Geographic variation is also seen in the tuning of the peripheral auditory system in cricket frogs (Keddy-Hector et al., 1992; Nevo and Capranica, 1985; Wilczynski and Ryan, 1999; Wilczynski et al., 1992). The cricket frog call is characterized by a single peak, or dominant, frequency that ranges from 2.8 to 4.2 kHz among populations and has little or no energy less than 2.0 kHz. This places it within the sensitivity band of the basilar papilla (BP), the higher tuned of the two auditory papillae possessed by anuran amphibians (Wilczynski and Capranica, 1984). (The other auditory end organ, the amphibian papilla has receptors tuned to a range of frequencies from approximately 100–1200 Hz.) The average tuning of the BP in each population is close to the average dominant frequency of the call produced by males in that population (Wilczynski et al., 1992). Just as calls are generally higher in frequency in forest populations, so is the tuning of the BP (Wilczynski et al., 1992). There is also a sex difference in tuning, with males tuned lower than females (Wilczynski et al., 1992).

The match between call-dominant frequency and BP tuning no doubt enhances a frog's ability to detect the signal by making its auditory system most sensitive to the spectral frequencies of the call. A second way that the receiver could in principle enhance signal detection is to structure its filter characteristics to reduce masking by acoustical noise. As in other vertebrates, the anuran auditory system is susceptible to noise masking (Ehret and Capranica, 1980; Gerhardt and Klump, 1988; Narins, 1982, 1987; Wollerman and Wiley, 2002). The range of noise spectra that will mask reception of a signal is determined by the band-pass features of the auditory neurons, which are reflected in the shape of auditory tuning curves. Extraneous acoustic noise with spectral frequencies within the boundaries of the tuning curve will be detected by the auditory system along with the signal of interest (the advertisement call) and thereby mask it, while acoustic noise outside the limits of the tuning curve will not. Therefore, it is obvious that variation in the width of the tuning curve and the placement of its center frequency and boundaries will significantly affect the amount of potential masking noise that will invade the auditory system. Furthermore, if noise characteristics differ among habitats, the filtering properties of tuning curves may be more or less effective at filtering environmental noise.

It is clear from previous studies (Nevo and Capranica, 1985; Ryan and Wilczynski, 1988; Wilczynski and Ryan, 1999; Wilczynski et al., 1992) that the tuning of the peripheral auditory system differs among cricket frog populations. What remains unexamined in this species, or any other, is whether the band-pass characteristics of the peripheral auditory system fibers differ among populations in any way related to habitat acoustics. Specifically, it is unknown whether peripheral auditory-filtering characteristics evolved in different habitats to enhance noise filtering in those habitats. We compared the performance of the average filtering characteristics of female peripheral auditory fibers of two cricket frog populations occupying the two basic habitat types in which this species occurs, pine forest and open grassland, using natural noise recorded in both habitats. Three possibilities exist. First, noise-filtering characteristics of auditory fibers could be locally adapted, which would be evident by each population's auditory system filtering best in its own habitat, and better than the filter from the population in the other habitat. Second, one filter could be absolutely better than any other, which would be evident in it being better at filtering noise in both its habitat and in the other population's habitat. Third, the null hypothesis is that the two filters are not significantly different in their performance in either habitat.

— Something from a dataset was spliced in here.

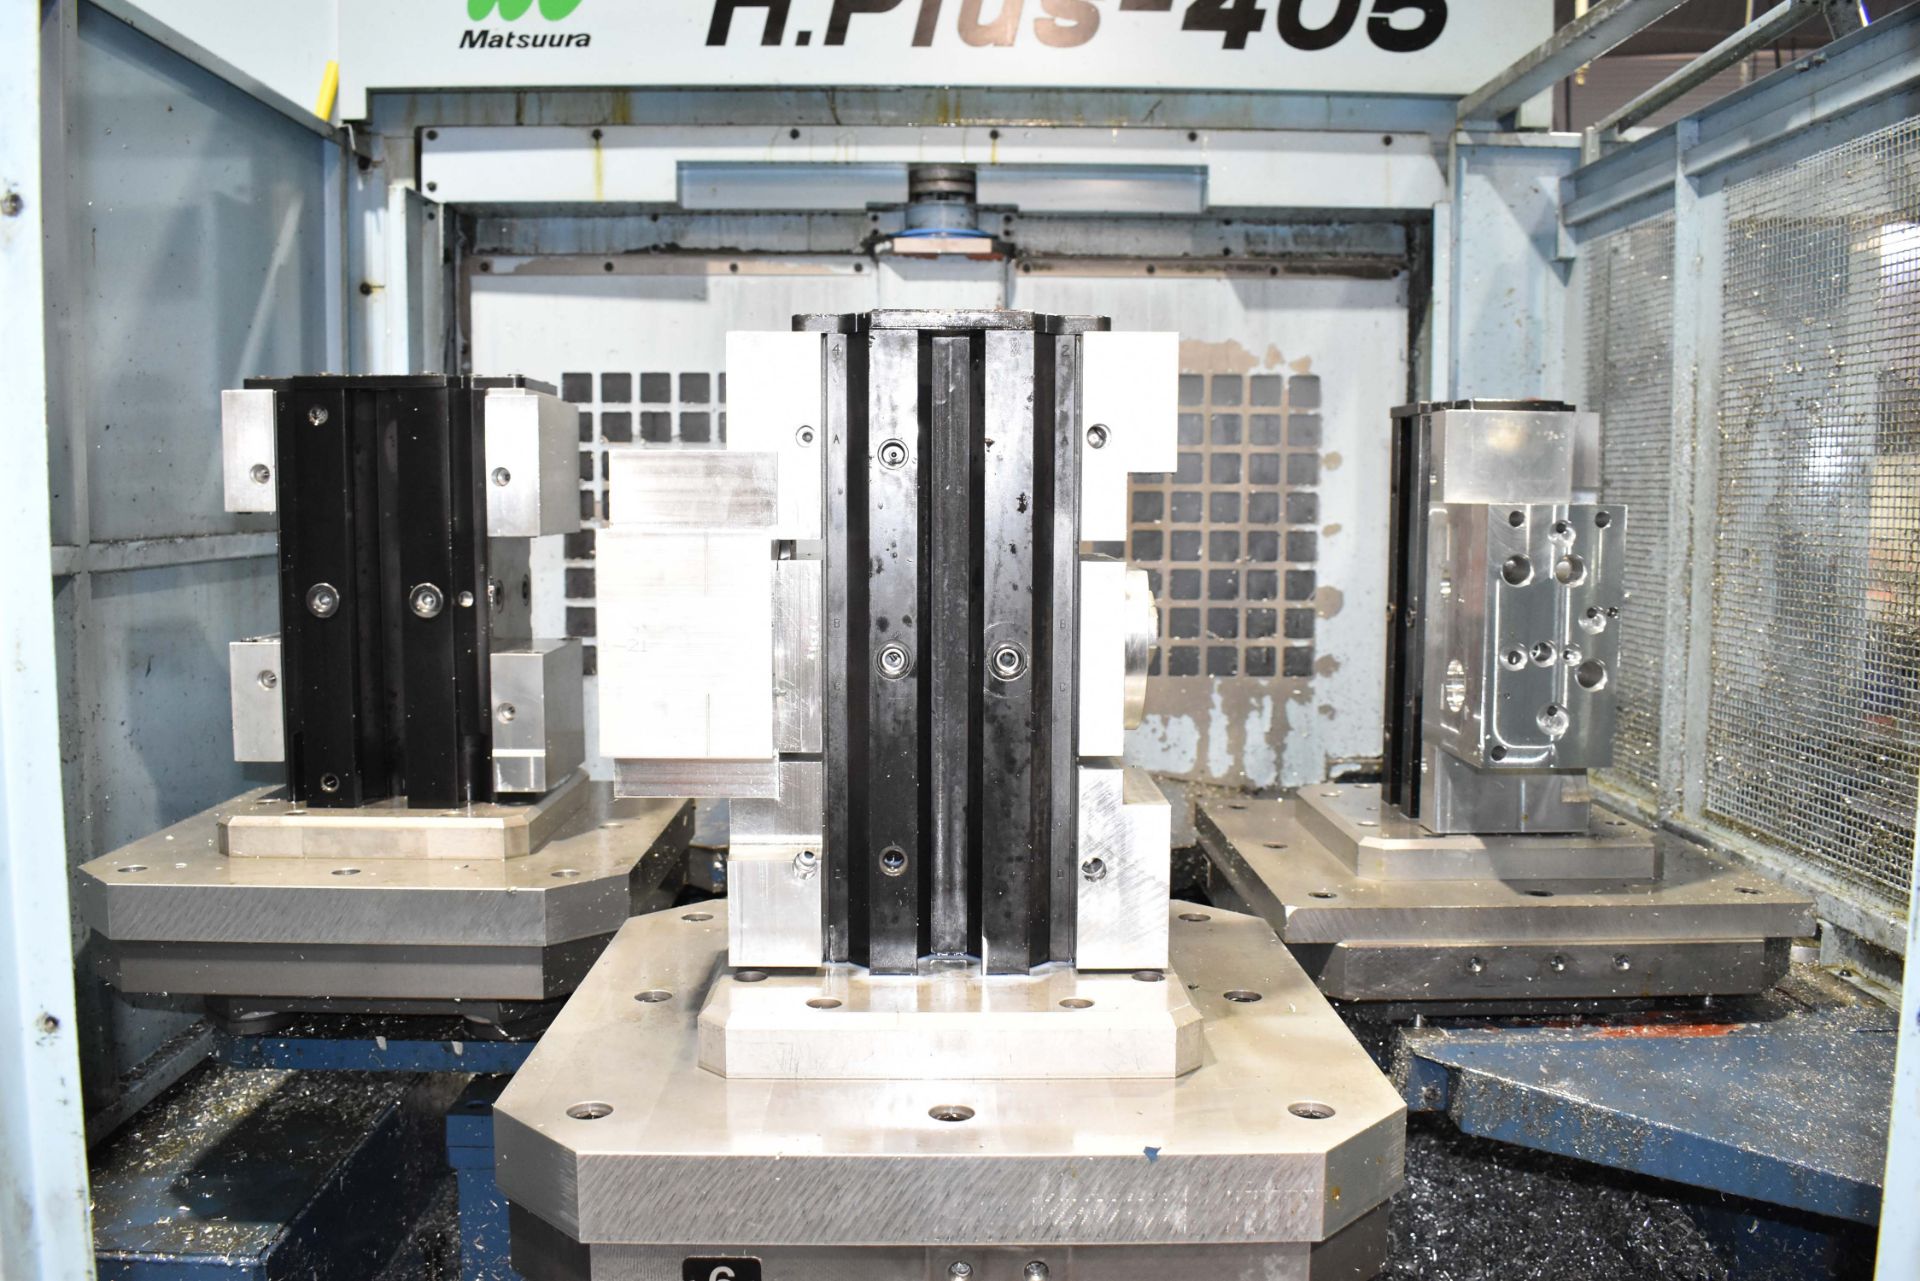 MATSUURA (2006) H.PLUS-405 4-AXIS MULTI-PALLET HIGH-SPEED CNC HORIZONTAL MACHINING CENTER WITH - Image 8 of 14

We performed this analysis by modeling the peripheral tuning curves of cricket frog females from a pine forest population and an open grassland population. We constructed an average tuning curve for each population, based on the mean values of several tuning curve characteristics, and modeled each as a rounded exponential (roex) filter (see below). We then used these filters to determine how well would an average female from each of the populations perform in filtering acoustic noise in each of the two habitats. We did this by assessing the performance of both filters in filtering noise signals obtained from both habitats throughout the breeding season.

MATERIALS AND METHODS

Recording the background noise

We recorded the background noise at two different field sites: at a semipermanent pond in an open grassland area (Gill Ranch, Travis County, Texas, USA) and at a permanent pond in a pine forest (Stengl Ranch, Bastrop County, Texas, USA) where cricket frogs normally call. We recorded the background noise from 3 March to 9 August 1996 between 1800 and 2400 h on two consecutive nights every 2 weeks. We recorded the first minute of each hour. We attached a microphone (Radio Shack) 20 cm above the ground to a tripod near the pond at each site. The microphone had a windscreen and extra foam that deadened the noise of raindrops falling on the microphone. Additionally, a plastic hat served as a protection against rain. The microphone was connected to a timer (Vox clock), tape recorder (Aiwa), and battery supply. Identical equipment was used at each site.

The chorus size at both sites was small, and males called sporadically during the season when we recorded our noise samples. The recording microphone was carefully placed to avoid nearby calling males at both sites. Furthermore, noise was taken in short, random 1-s increments during the recording period, which were then averaged, making any significant or systematic contribution of conspecific calls to the noise relatively rare. Inspection of the resultant noise spectra confirmed this; samples that contained significant conspecific calls were not used. Therefore, while we cannot completely exclude a contribution of conspecific calls to the sampled noise, most of the noise energy derived from other sources.

We digitized the recorded noise with SIGNAL Version 3.0 (Engineering Design, Belmont, Massachusetts, USA). We divided each minute into two 30-s intervals and created an average signal lasting 1 s for each 30-s interval of recorded noise by acquiring a randomly chosen 1-s sample of the noise within that half minute 10 times, adding them, and dividing the resultant sum by 10. For each average signal we calculated a Fast Fourier transform (FFT). As the noise was recorded on 24 nights at each site throughout the breeding season (March through August), we therefore obtained a maximum of 336 digitized noise samples from each site. We used for the analysis a sample of 325 average signals from Gill Ranch and 328 noise samples from Stengl Ranch, as we discarded some samples due to anthropogenic noise (e.g., airplane traffic) during recordings.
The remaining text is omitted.